Mr. Krabs: Nothing like a good ghost story, eh, me boy? Hope you’re not too scared to come to me party tonight, SpongeBob ScaredyPants! [laughs while walking out]
65. Spongebob: Now that we’re men, we have facial hair.
Patrick: Now that we’re men I changed my underwear.
66. Who put you on the planet?
67. Shit just got real!
68. It took three days to make that potato salad…three days!!!
69. You just CAN’T WAIT for me to die, can you?
70. Can you give SpongeBob his brain back, I had to borrow it for the week. – Patrick Star
71. Spongebob: Patrick, you’re a genius!
Patrick: Yeah, I get called that a lot.
Spongebob: What? A genius?
Patrick: No, Patrick.
72. SpongeBob: [thinking] I don’t need it. I don’t need it. I definitely don’t need it. I don’t need it. I don’t need it. I don’t need it. I don’t need it.
SpongeBob: [shouts] I… need… it!
73. Always follow your heart unless your heart is bad with directions. – Spongebob
74. Mr. Krabs: Hold on. Don’t you want to hear my annual scary story?
SpongeBob: No thank you, Mr. Krabs. Uhh, does it have monsters in it?
Mr. Krabs: Aye, the worst monster of them all.
SpongeBob: Uhh… no. [opens the door then turns around] Is it a true story?
Mr. Krabs: True as the deep blue.
SpongeBob: Okay, maybe just a little.
75. I guess hibernation is the opposite of beauty sleep. – Spongebob
76. Opps! I farted.
77. Any particular reason you took your pants off?
78. I knew a guy, who knew this guy, who knew this guy, who knew this guy, who knew this guy, who knew this guy, who knew this guy, who knew this guy, who knew this guy, who knew this guy, who knew this guy, who knew this guy, who knew this guy, who knew this guy, who knew this guy, who knew this guy, who knew this guy’s cousin… – SpongeBob
79. We should take Bikini Bottom and push it somewhere else!
80. This is not your average, everyday darkness. This is… ADVANCED darkness.
81. Firmly grasp it in your hand. – Patrick
82. You never really know the true value of a moment, until it becomes a memory.

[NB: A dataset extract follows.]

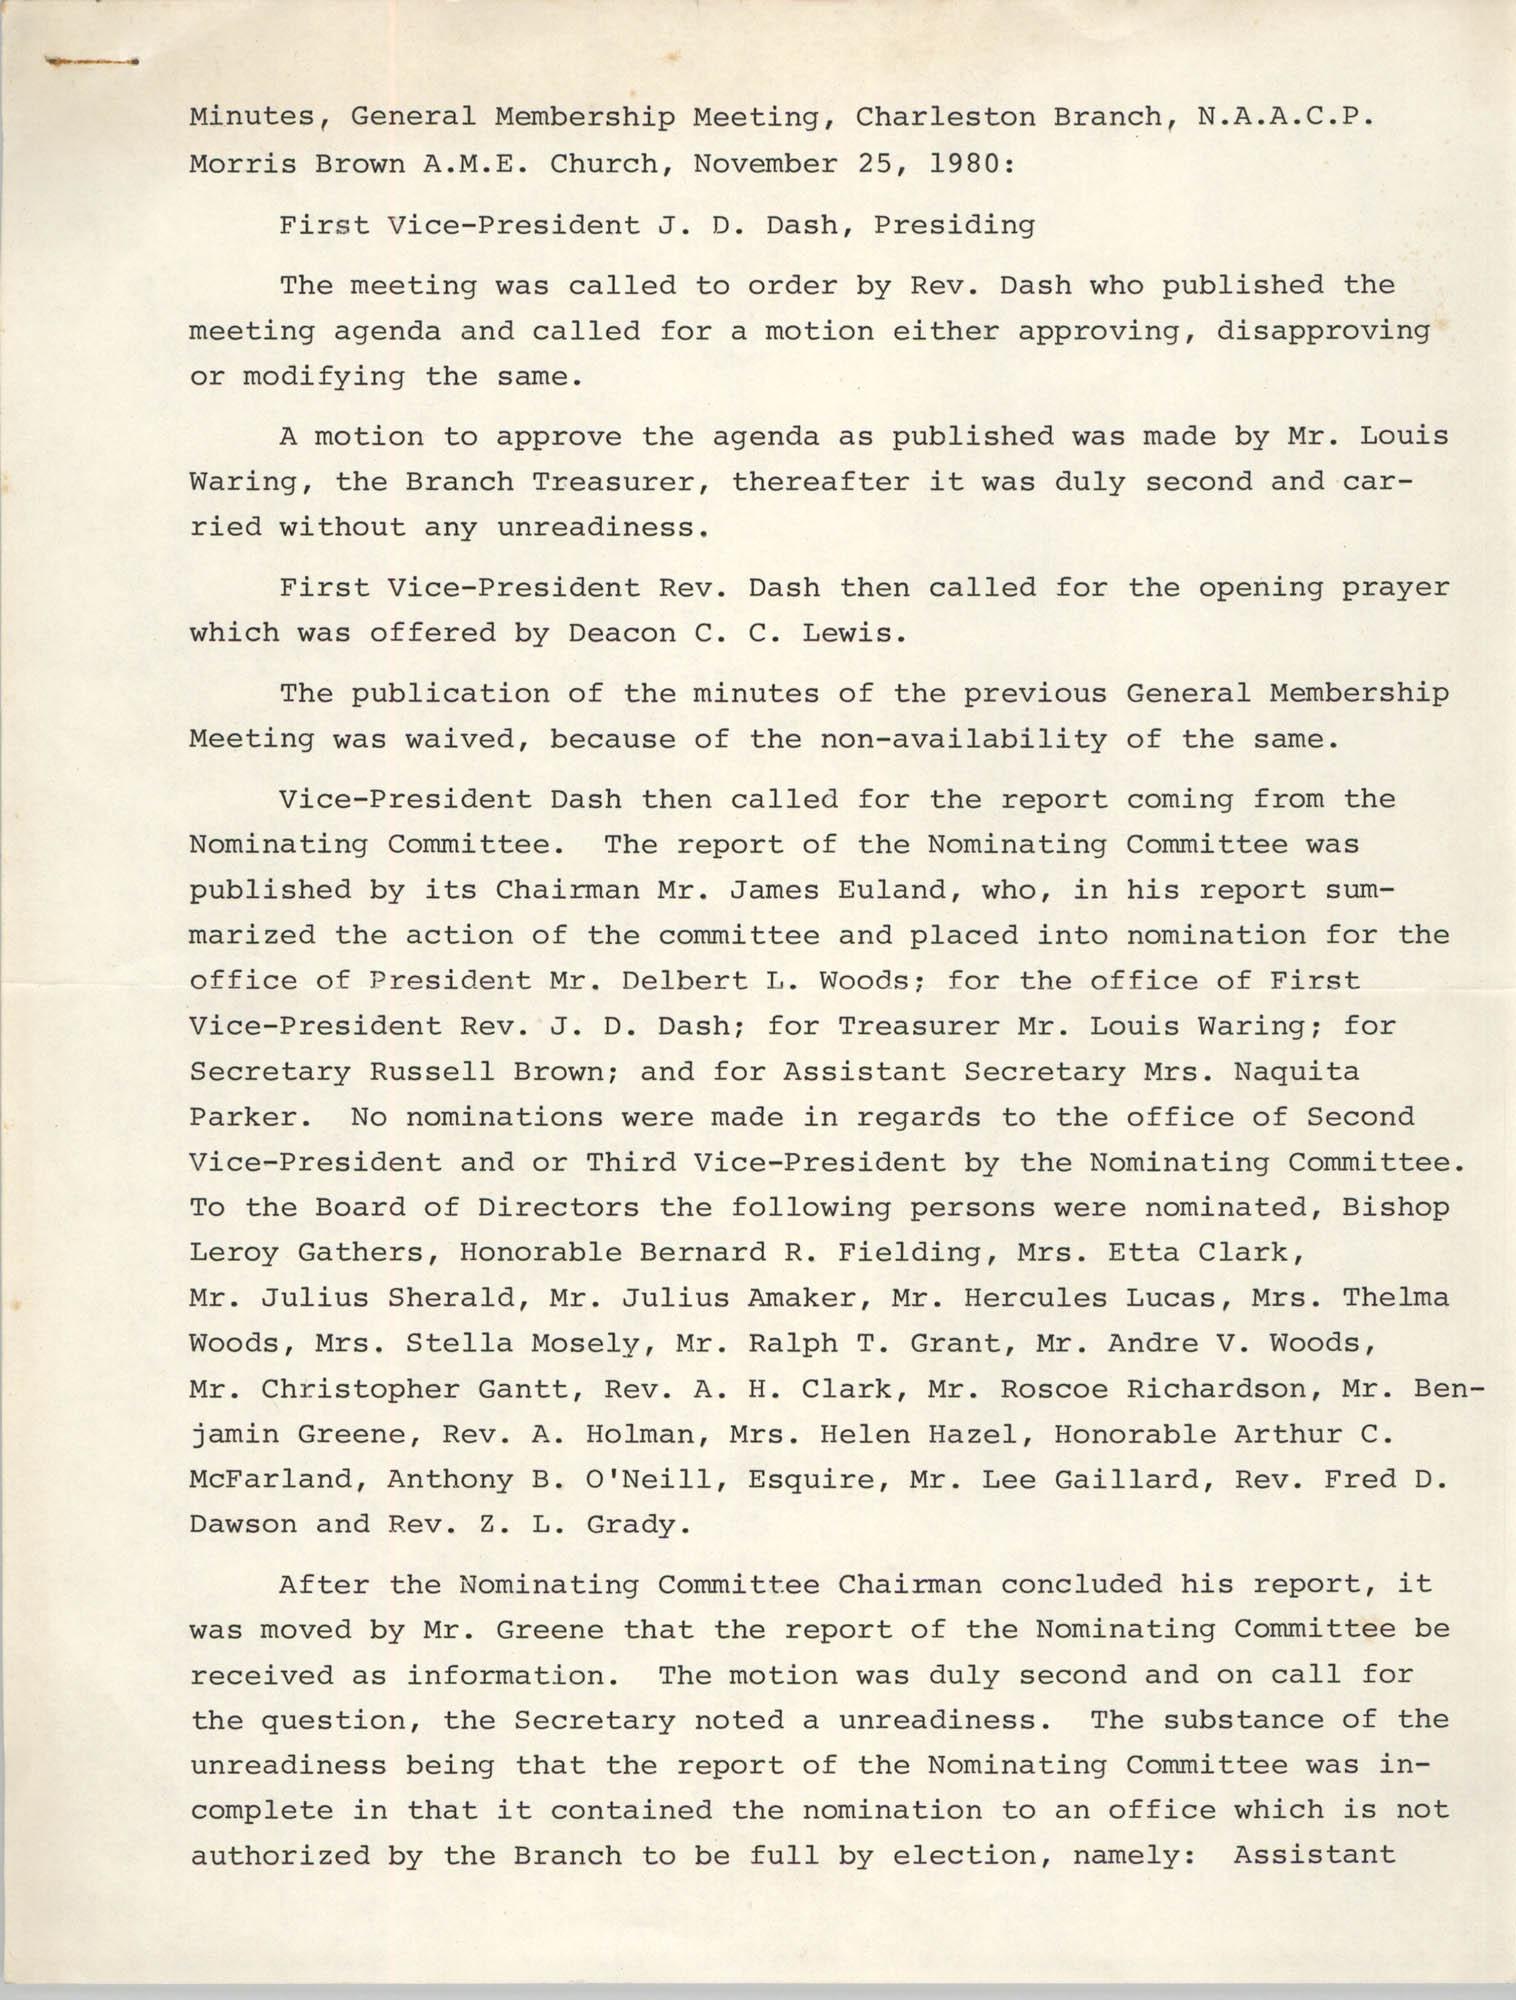 Minutes, General Membership Meeting, Charleston Branch, November 25, 1980

83. Can I be excused for the rest of my life? – Spongebob
84. Mr. Krabs: That hat makes you look like a girl.
SpongeBob: Am I a pretty girl?!
85. A five-letter word for happiness…money. – Mr. Krabs
86. Hold on, I’m searching for a fuck to give.
87. You call that a blowjob, get back on your knees bitch…

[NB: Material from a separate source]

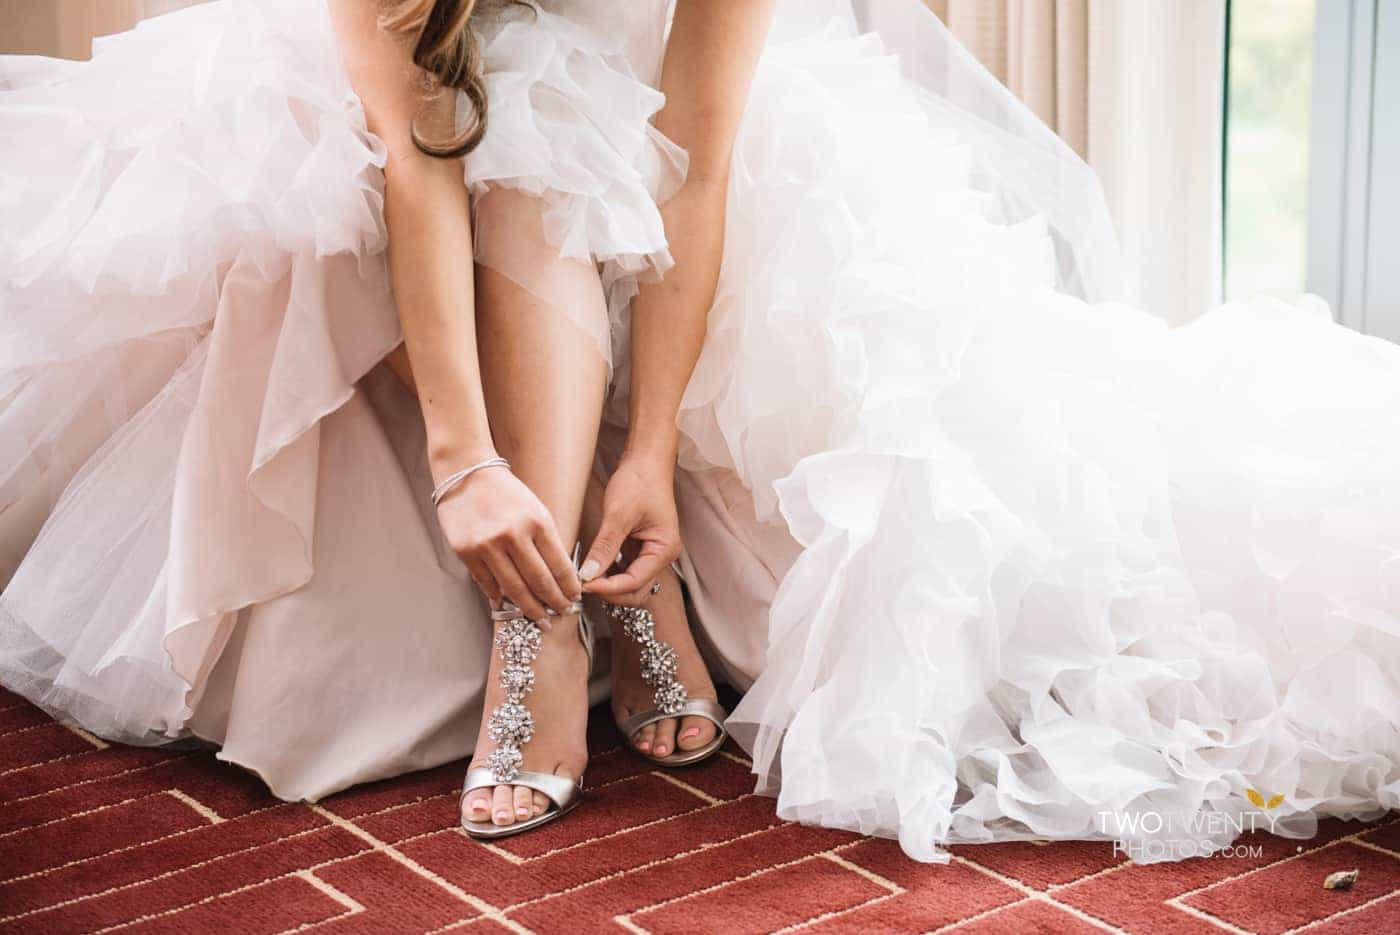 hyatt-regency-downtown-sacramento-wedding-photographer-23

88. Patrick: Is Sandy the one I call “Mom”?
SpongeBob: No Patrick, that’s your mother.
89. Remember, licking doorknobs is illegal on other planets.
90. People talk loud when they wanna act smart. – Squidward
91. Spongebob: Hey Patrick
Spongebob: I thought of something funnier than 24.
Patrick: Let me hear it.
92. There it is. The finest eating establishment ever established for eating. The Krusty Krab, home of the Krabby Patty, with the Help Wanted sign on the front. I’ve waited years for this moment. I’m gonna go in there, march straight up to the manager, look at him straight in the eye, lay it on the line, and – I can’t do it! – Spongebob
93. Oh, these aren’t homemade. They were made in a factory… a bomb factory. They’re bombs.
94. Spongebob: I’m Dirty Dan.
Patrick: No, I’m Dirty Dan.
Spongebob: What makes you think you can be Dirty Dan?
Patrick: I’m dirty.
95. The most important meal of the day…serving it up Gary’s way.
96. Does living in bikini bottom and being absorbent make Spongebob a tampoon? Face it Spongebob, you live in bikini bottoms, you’re super absorbent, you are a tampon.
97. Patrick, don’t you have to be stupid somewhere else? -Not until 4.
98. Squidward that’s not the peace treaty, that’s a copy of the peace treaty.
99. I’d hate you even if I didn’t hate you.
100. You look so perfect standing there in my American Apparel underwear.